:: Input for this task
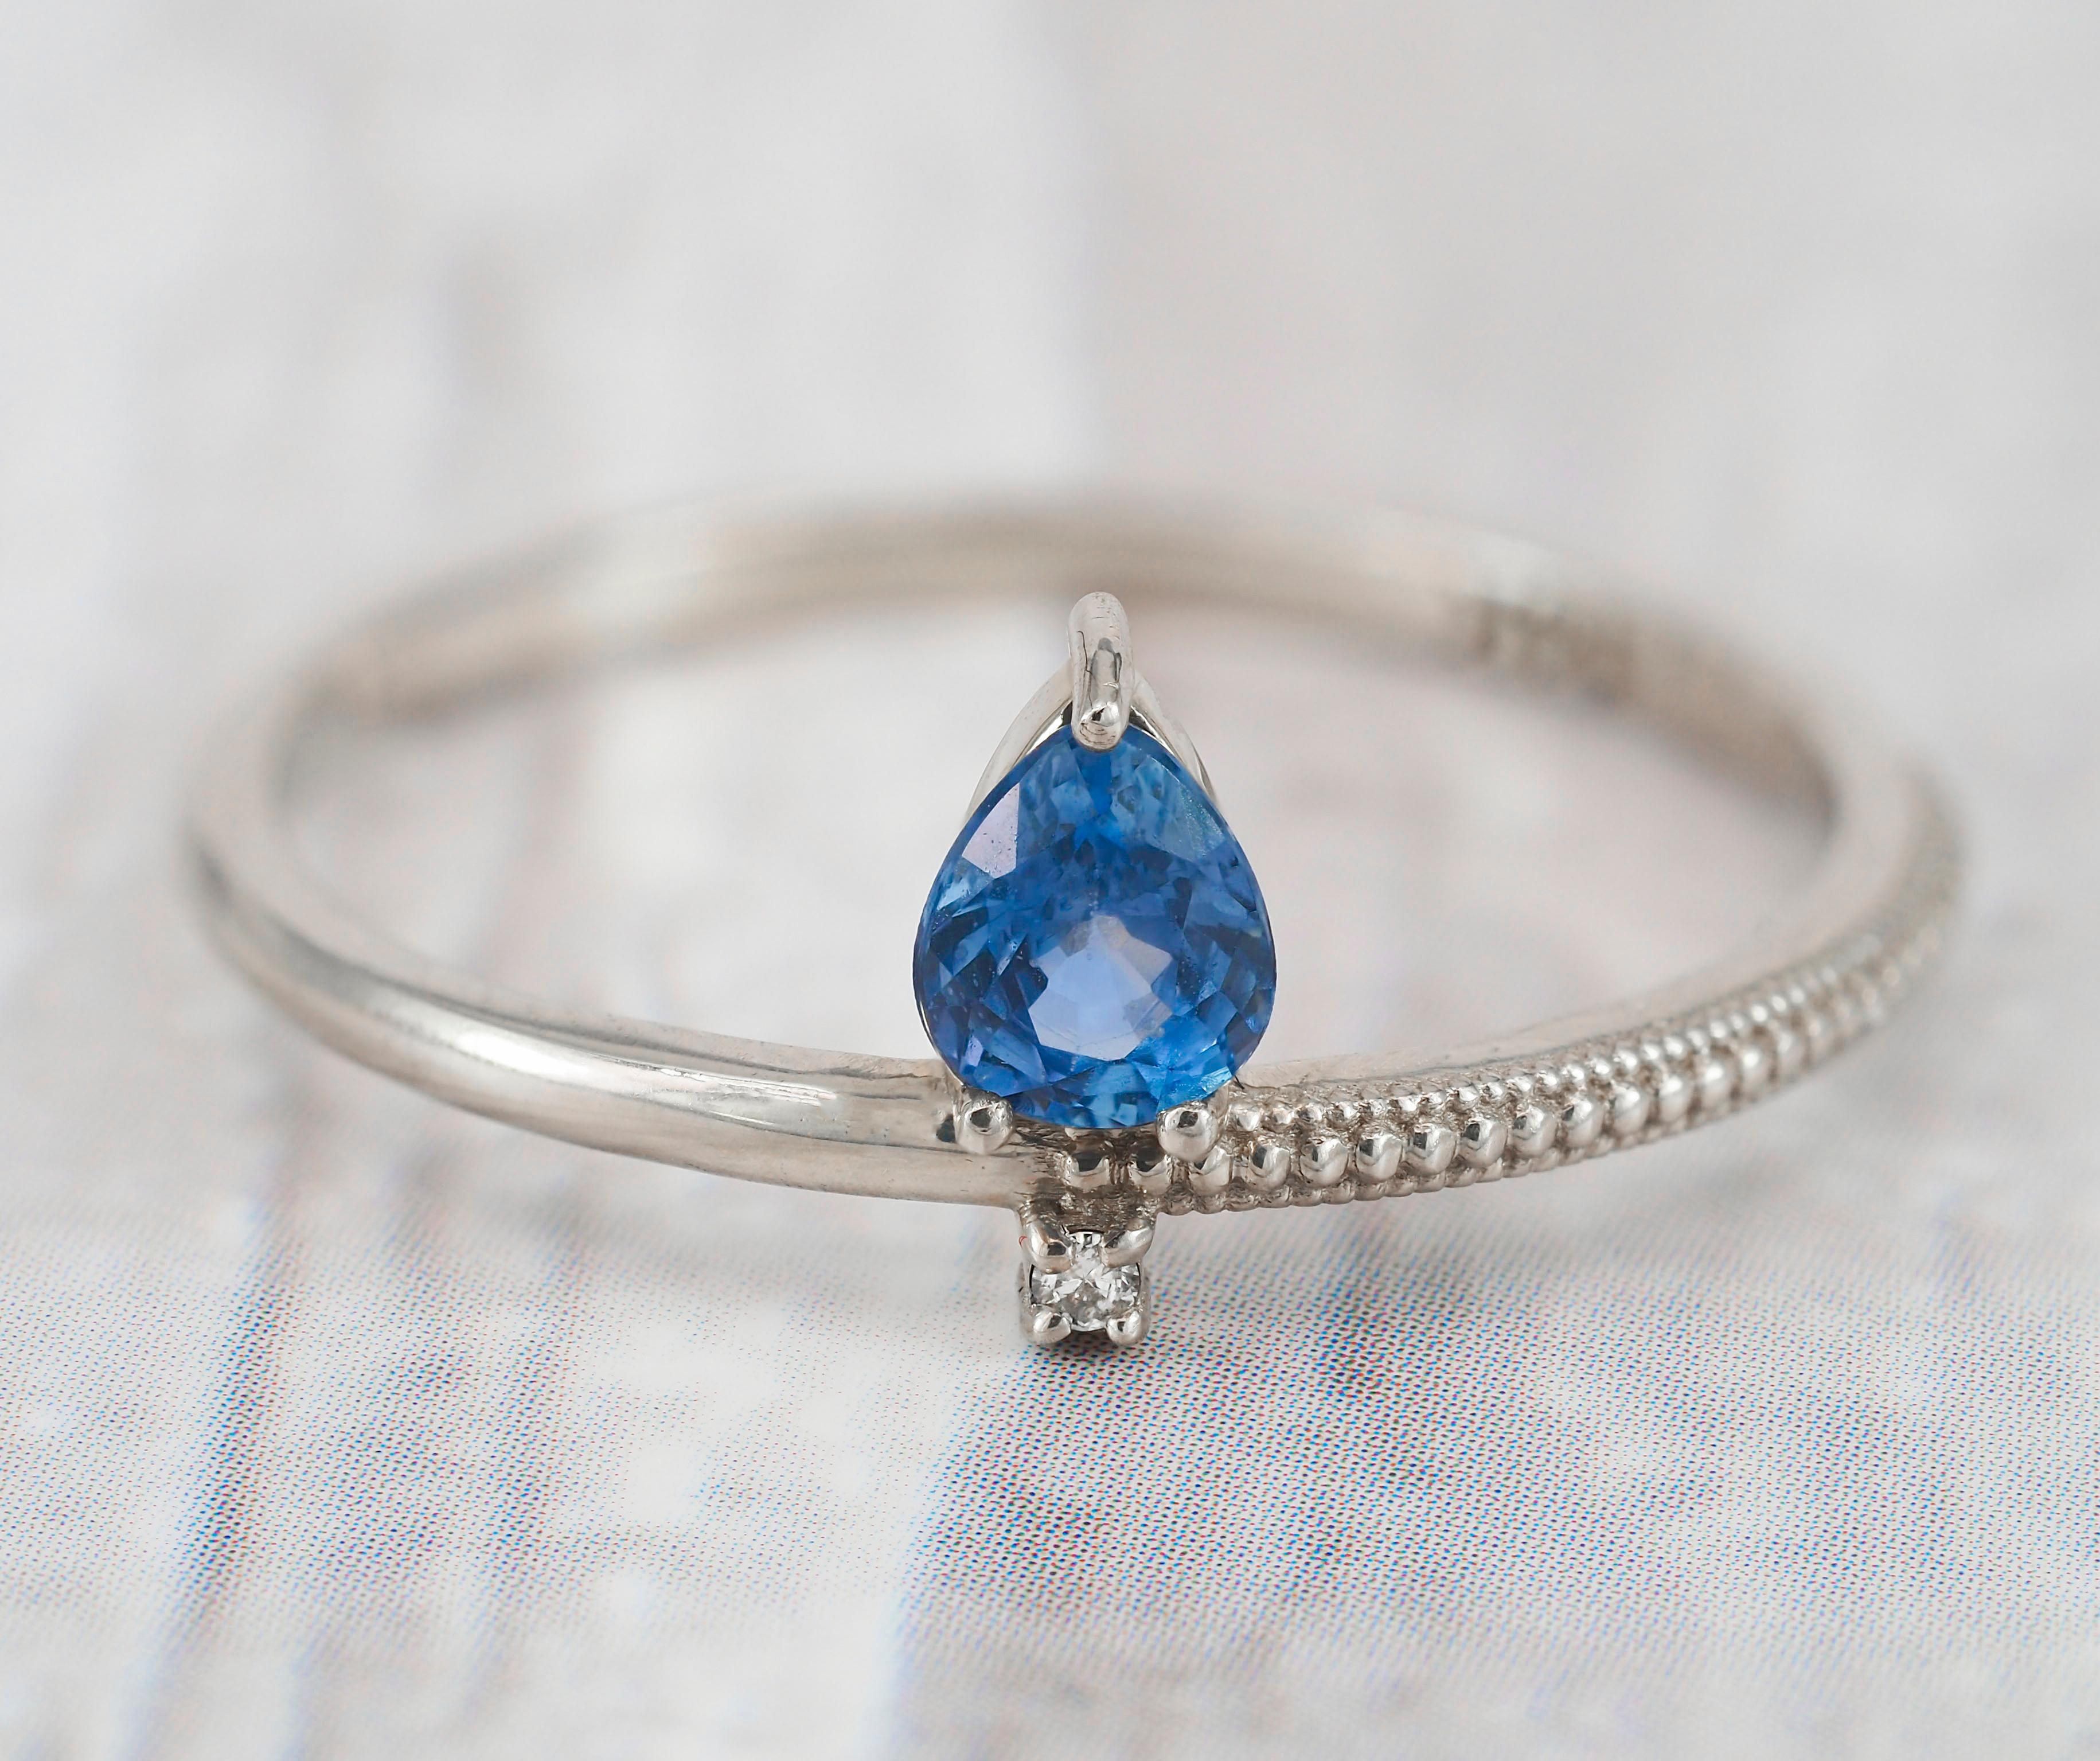 14k solid gold ring with pear 0.5 ct sapphire. 
Blue gemstone ring. September birthstone ring. Genuine sapphire ring. Vintage engagement ring.

Metal: 14k gold
Weight: 1.5 g. depends from size.

Set with sapphire, color -  blue
Pear cut, 0.50 ct. in
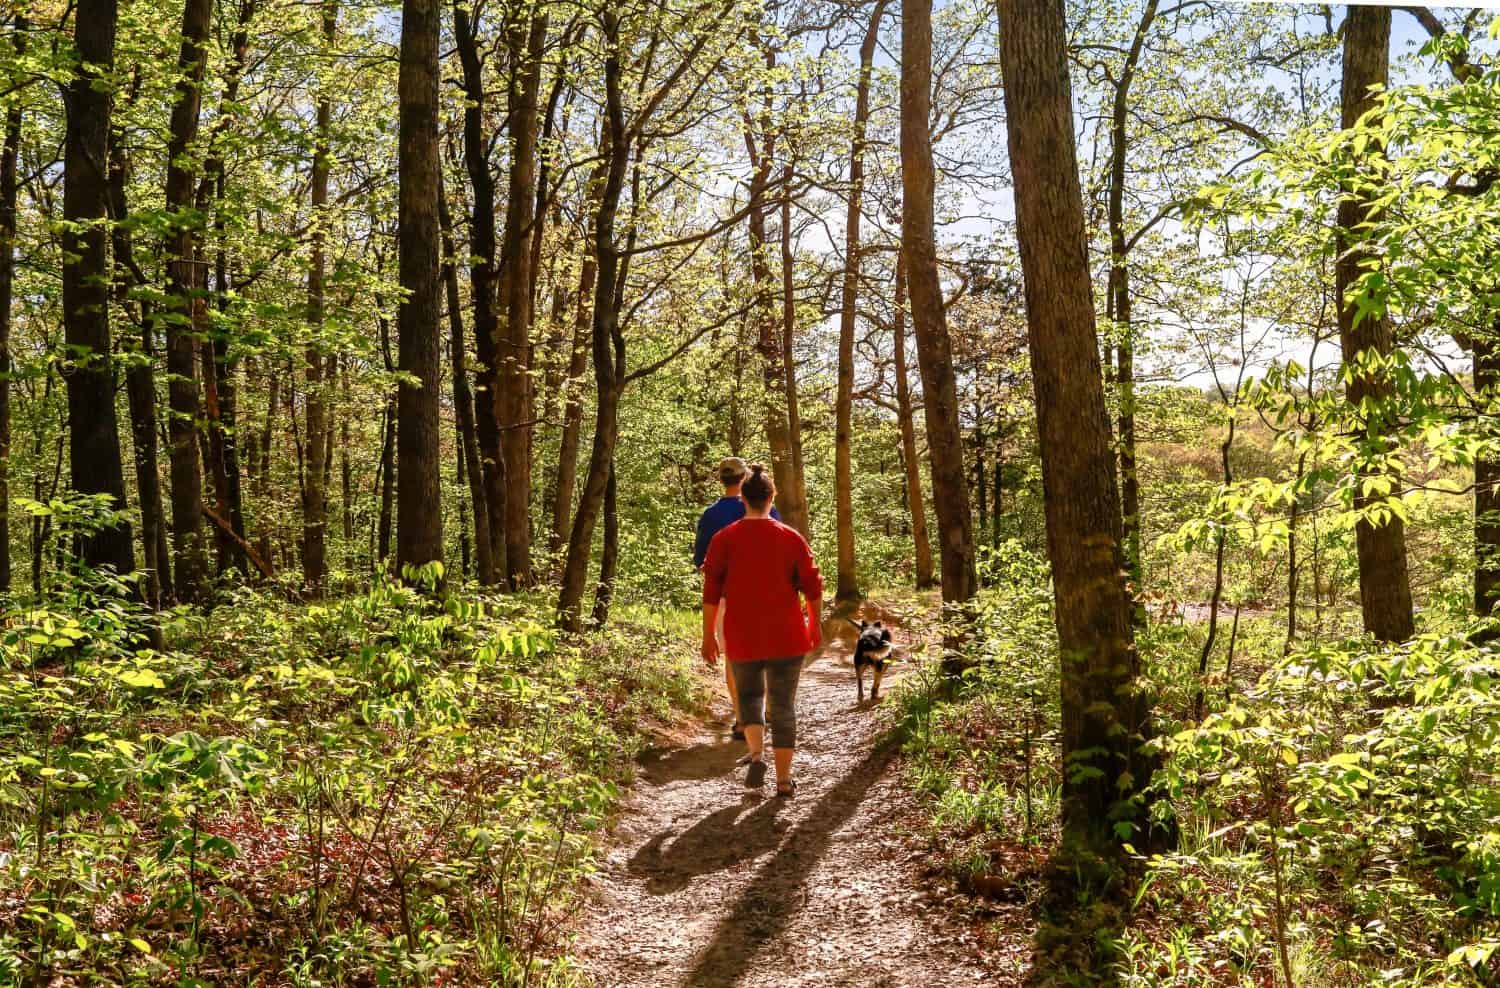 Overweight young woman and a young man taking a walk in the woods with their dog; Missouri State Park, Midwest
::::
Task statement: Could you restate the entries word for word, skipping any pictures?

Result for this exercise:
 14k solid gold ring with pear 0.5 ct sapphire. 
Blue gemstone ring. September birthstone ring. Genuine sapphire ring. Vintage engagement ring.

Metal: 14k gold
Weight: 1.5 g. depends from size.

Set with sapphire, color -  blue
Pear cut, 0.50 ct. in
 Overweight young woman and a young man taking a walk in the woods with their dog; Missouri State Park, Midwest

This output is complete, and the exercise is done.